Omit all pictures, then retype exactly the lines from the one that contains "856702911 Majestic Men's" through the end of the listing.

-------- Exercise data --------

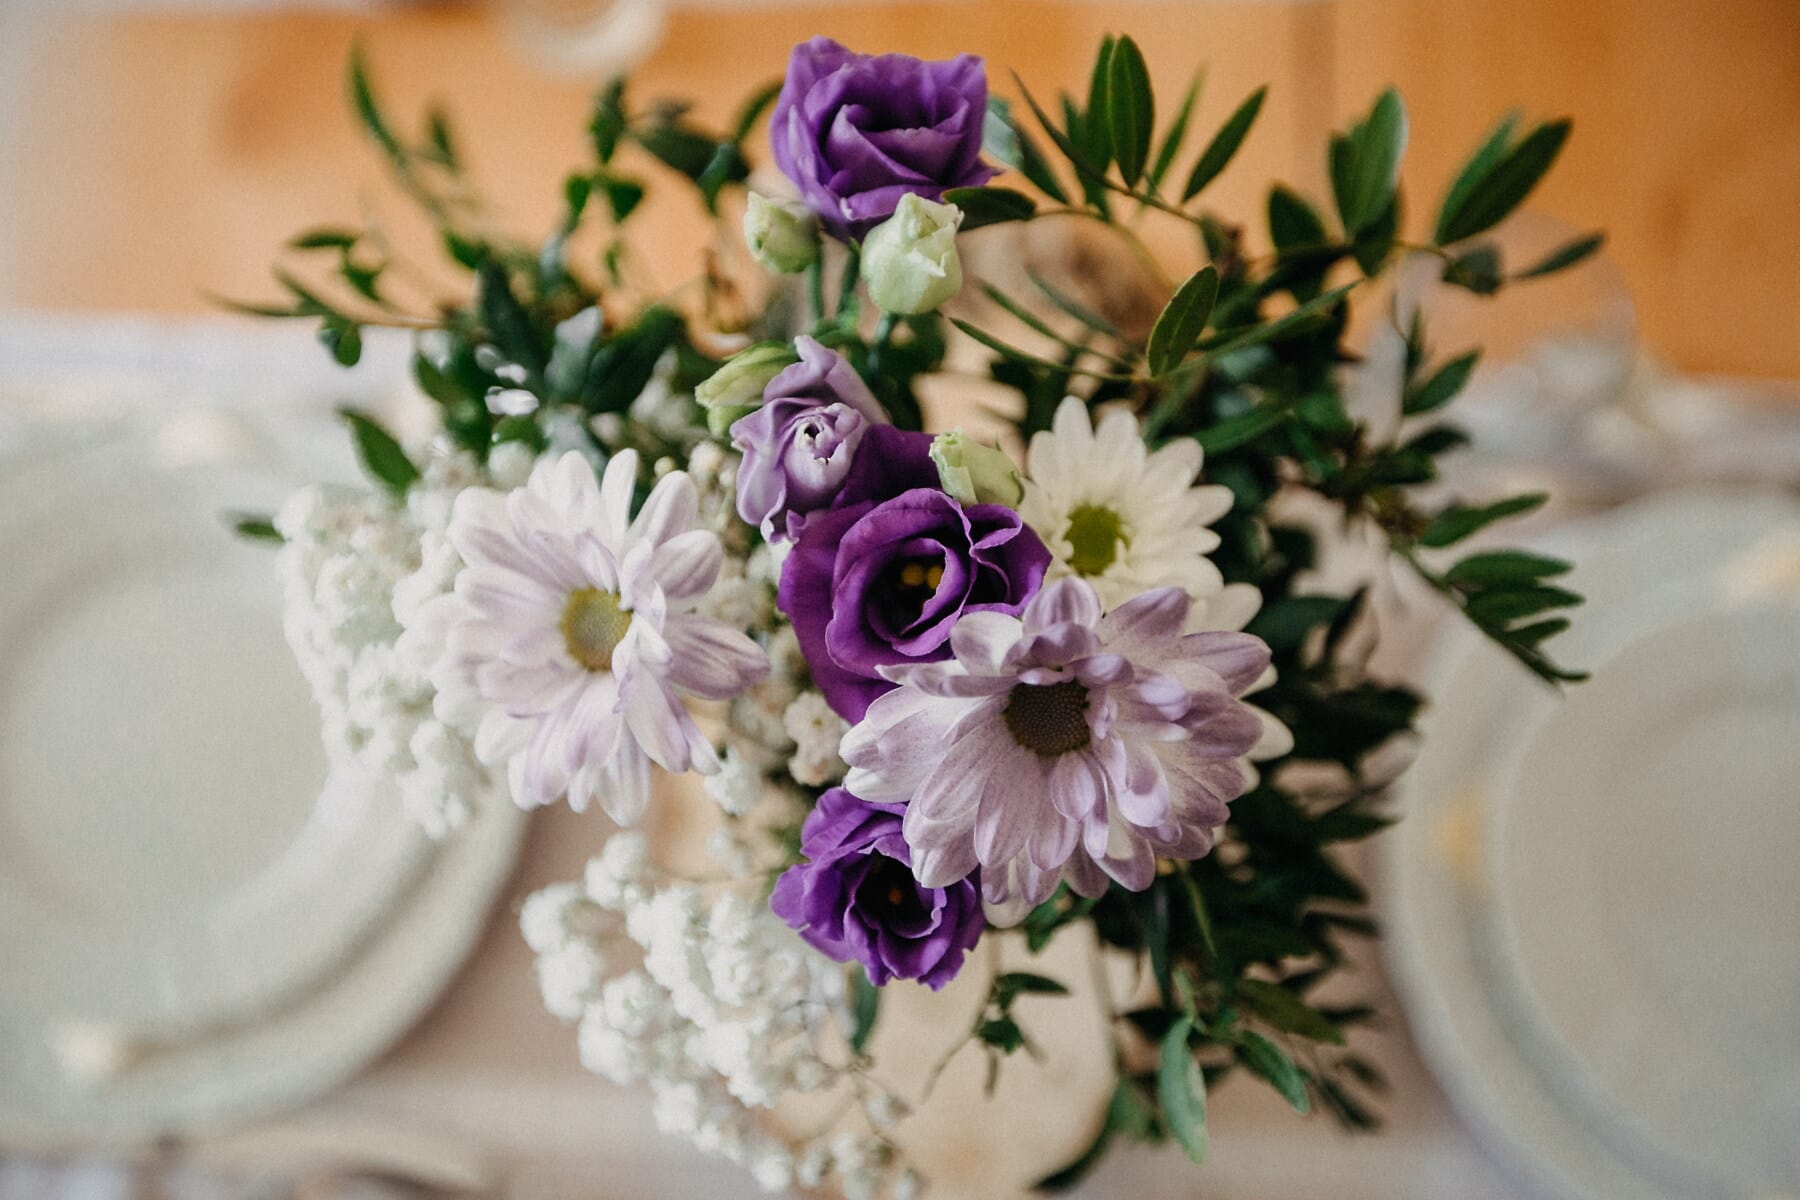 purplish, white, flowers, bouquet, roses, dining area, close-up, flower, decoration, leaf
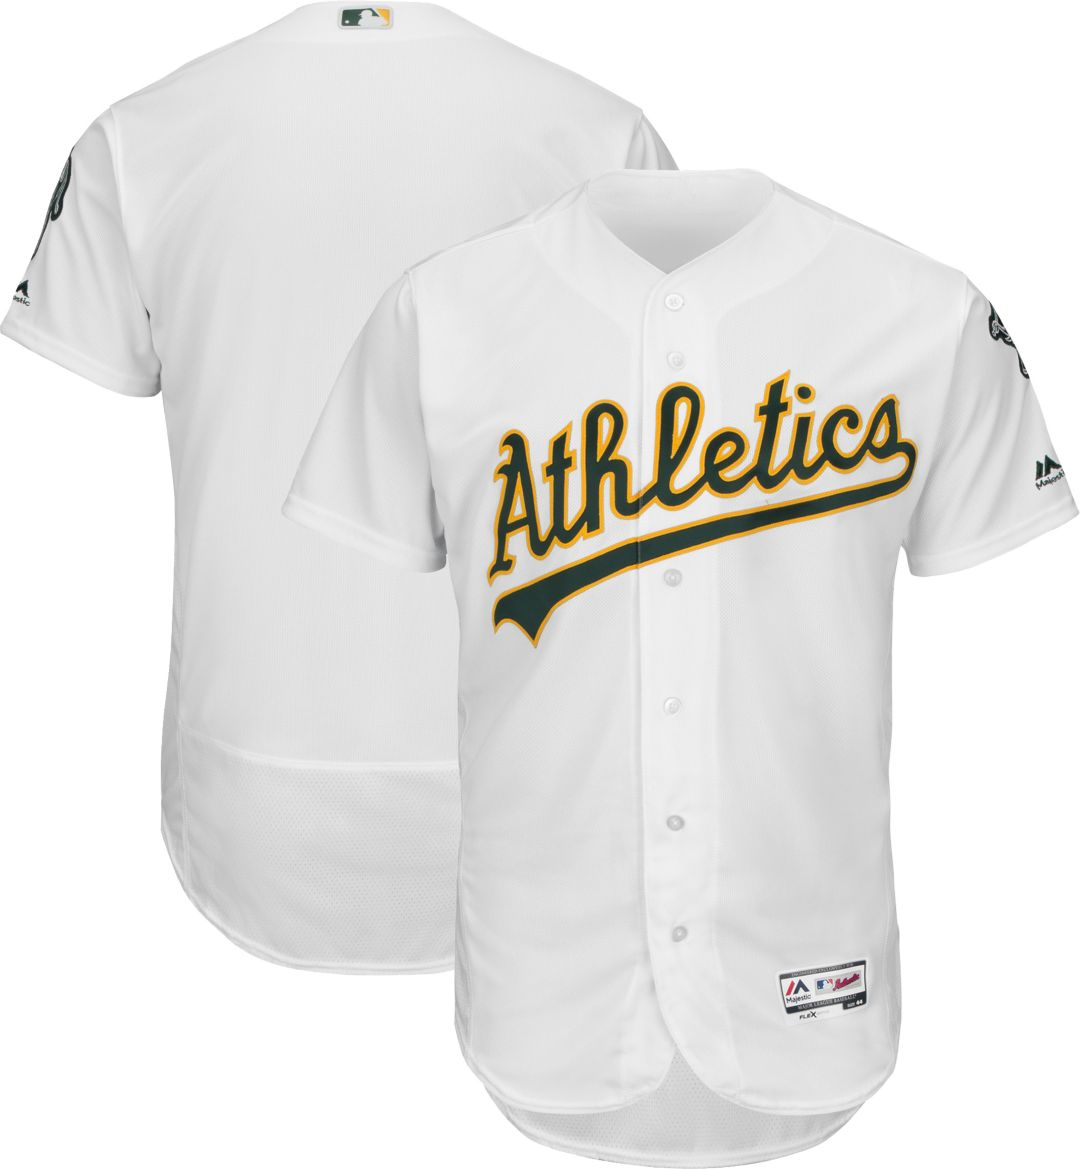 856702911 Majestic Men's Authentic Oakland Athletics Home White Flex Base On-Field  Jersey
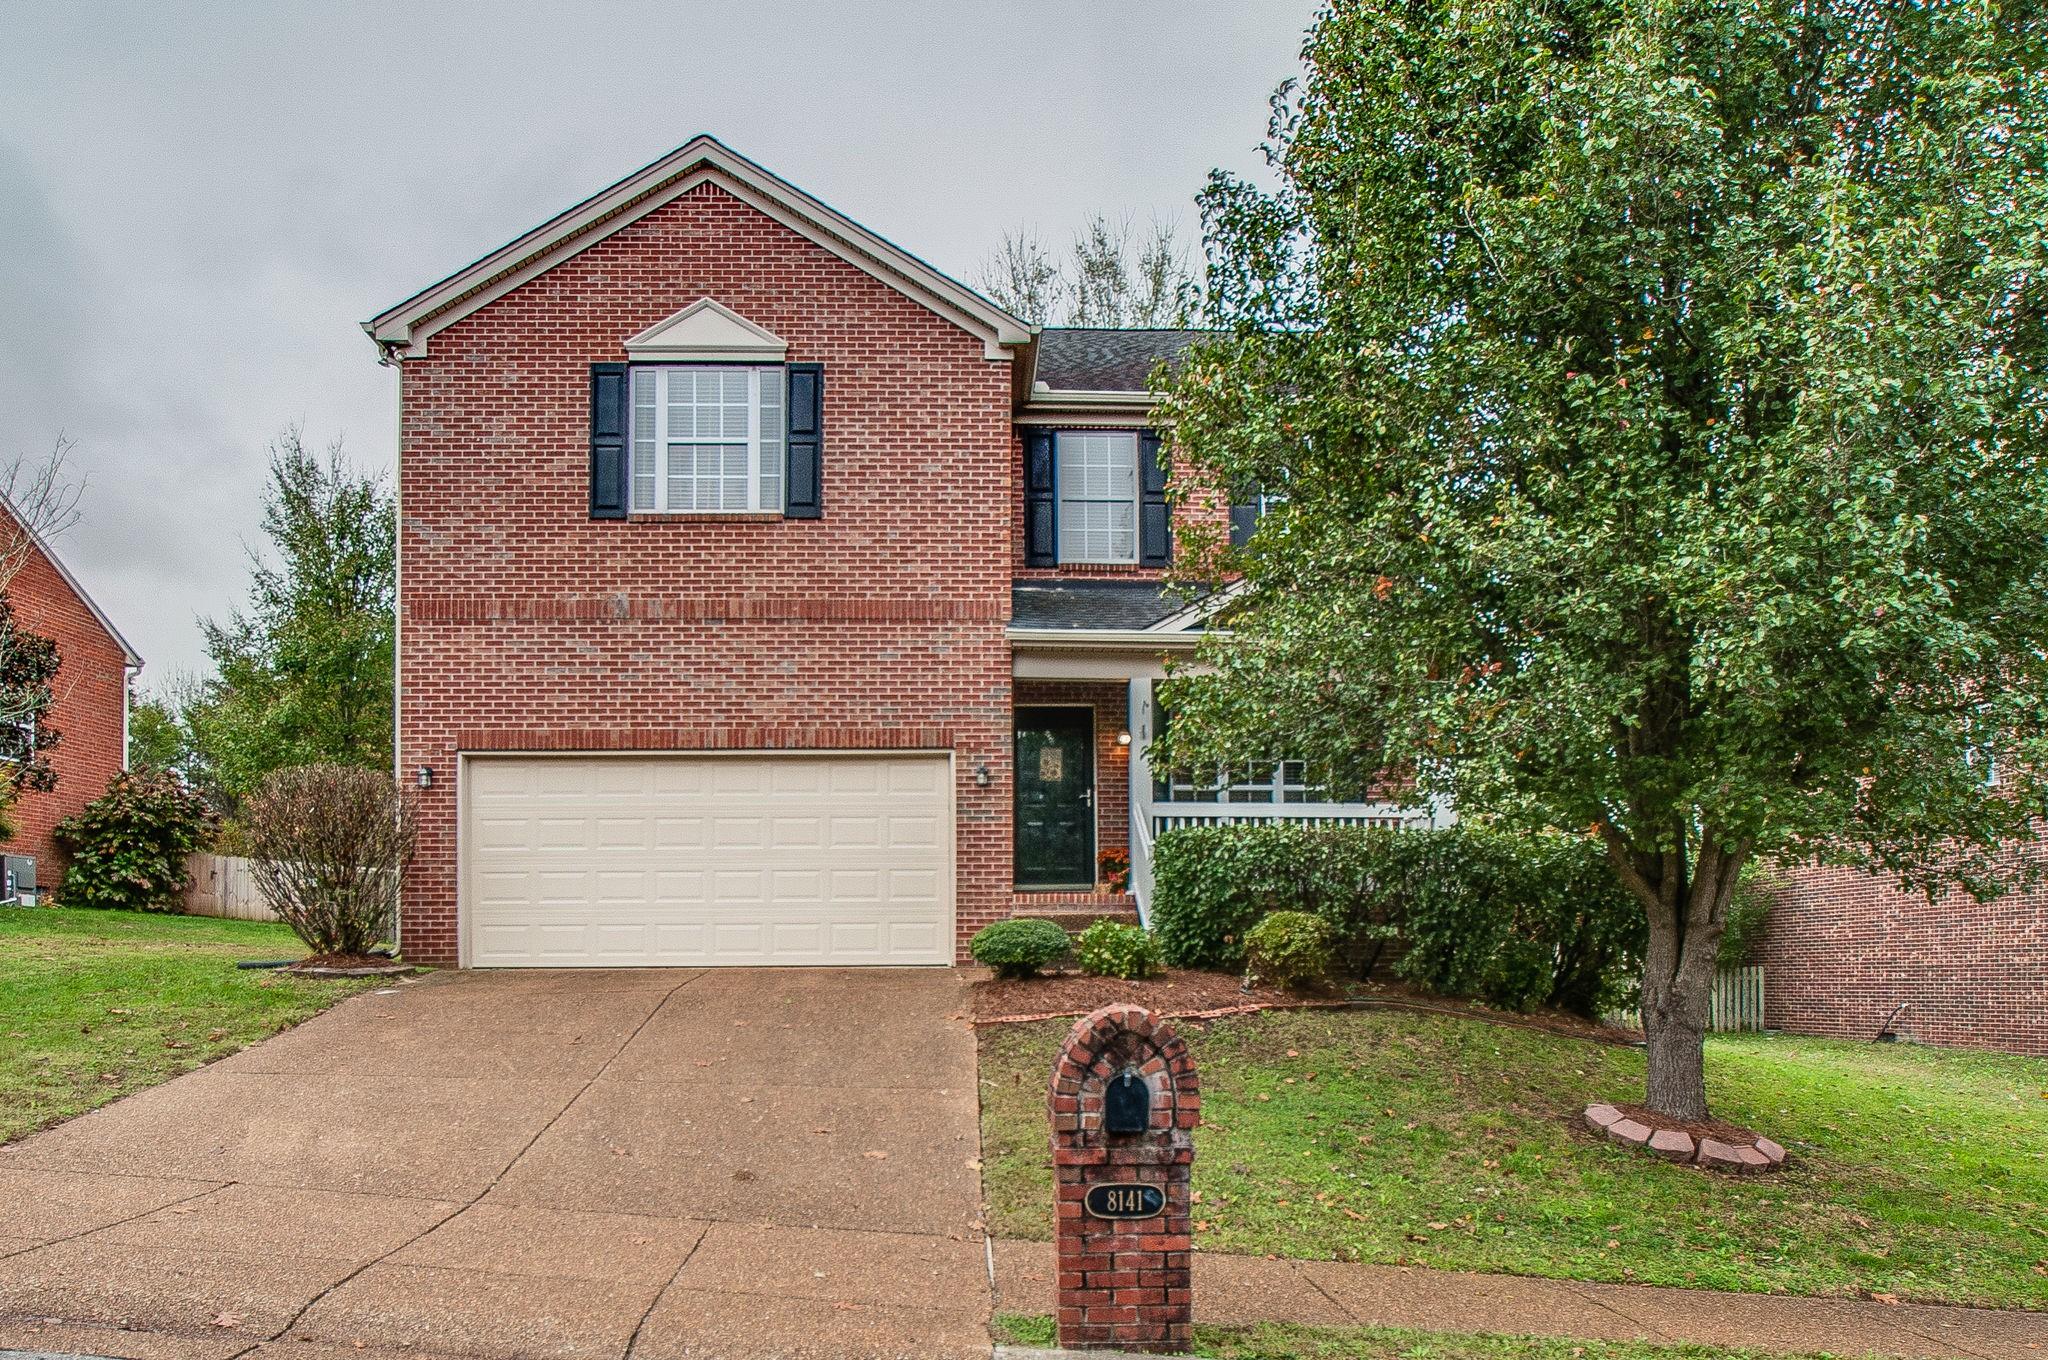 8141 Settlers Way, Nashville, TN 37221 - Nashville, TN real estate listing

--------

Completed exercise:
 856702911 Majestic Men's Authentic Oakland Athletics Home White Flex Base On-Field  Jersey
 8141 Settlers Way, Nashville, TN 37221 - Nashville, TN real estate listing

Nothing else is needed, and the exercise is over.